Ешуа, бывало, охватывала непреодолимая, мучительная тревога, когда он представлял себя мужем Морты, видел себя с ней в постели, в той самой постели, где столько лет он чувствовал ровное, как у курицы, не омраченное вожделением, дыхание Хавы, да будет ей пухом земля, и где были без любви зачаты покойная Хана и свихнувшийся Семен. Казалось, разденется, ляжет рядом с Мортой и застынет, как бревно, не смея не то что прилепиться прикоснуться к ней, и она, обиженная его холодностью, столкнет его на пол, и будет он, Ешуа, лежать, неуклюжий, волосатый, в одной ермолке, стыдясь своей равнодушной наготы, и потерянно глядеть в темноту, как обленившийся кот, разучившийся ловить мышей и насыщающийся собственной ленью.

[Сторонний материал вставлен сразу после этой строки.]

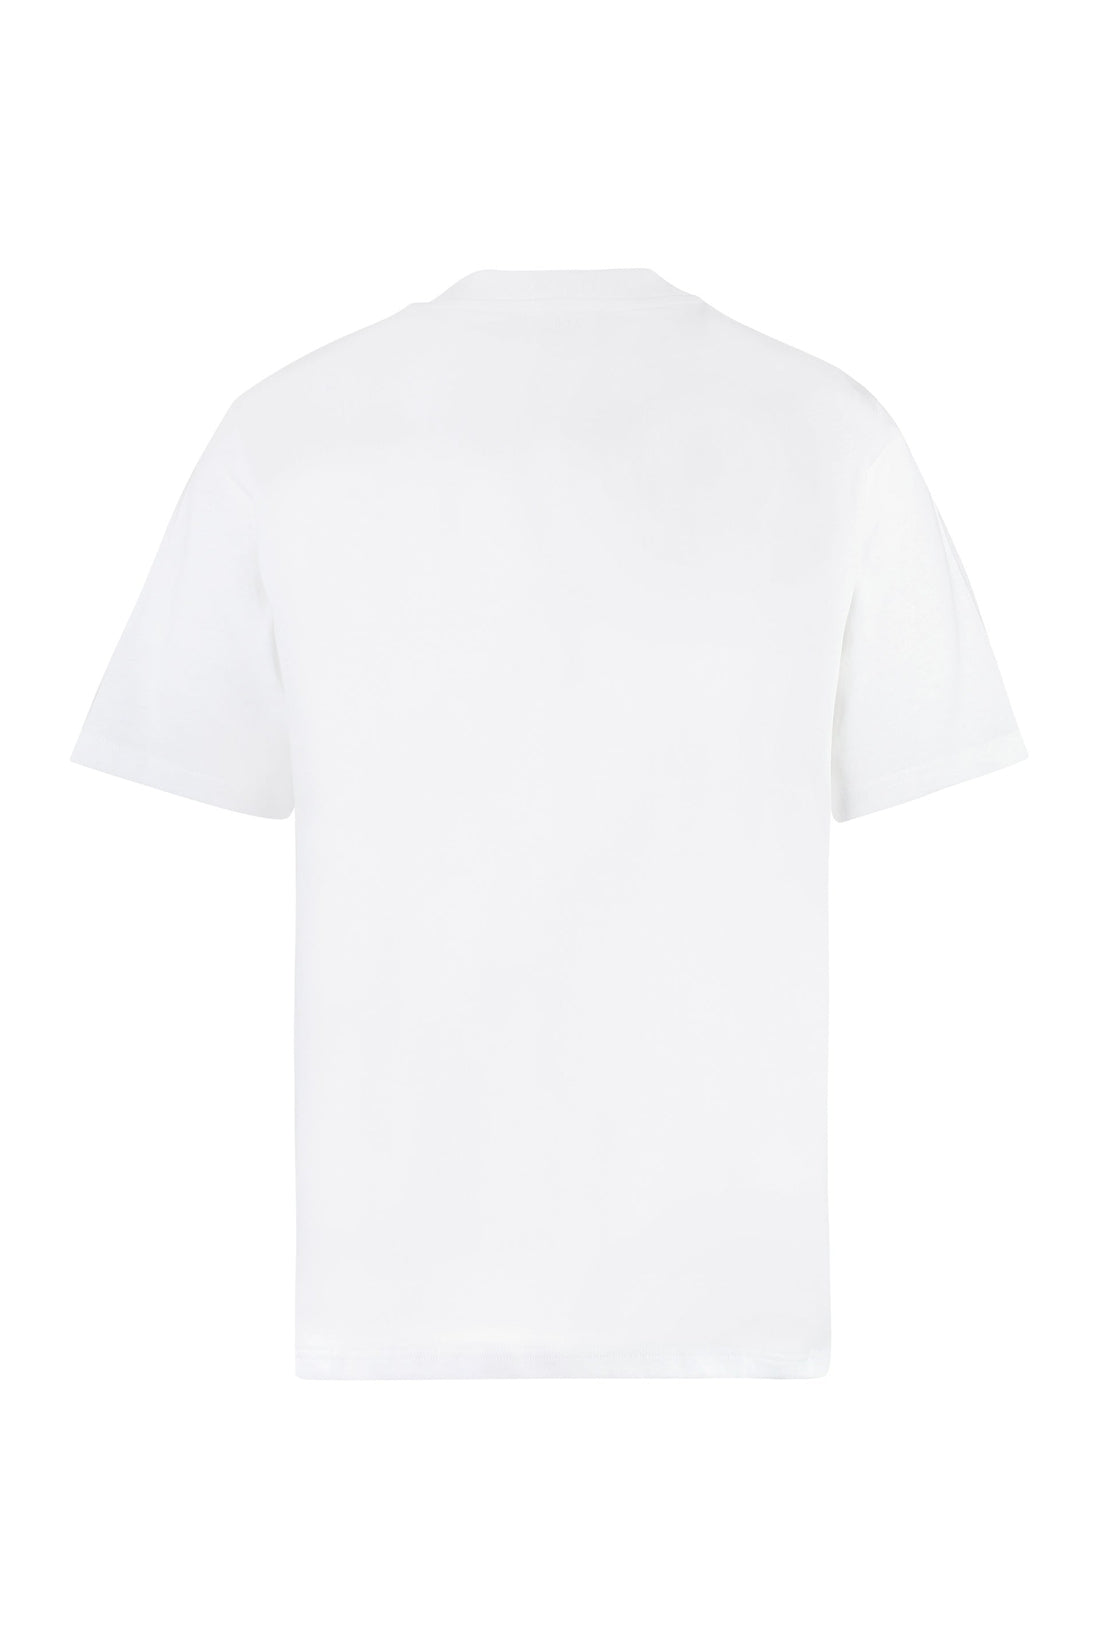 AMI PARIS-OUTLET-SALE-Logo cotton t-shirt-ARCHIVIST

Может, от того, узнав о решении Морты, Ешуа поначалу не высказал особой радости Морта блаженная, одному Богу известно, что она выкинет завтра, а принялся осторожно, исподволь допытываться о причинах, толкнувших ее на такой неслыханный шаг, даже уговаривать не делать этого, мол, столько прожили так, и дальше так проживем, разве важна вывеска, важно какой товар.
Морта слушала его, не перебивая, а он говорил, говорил, как заведенный, пытаясь скрыть свое тревожное изумление.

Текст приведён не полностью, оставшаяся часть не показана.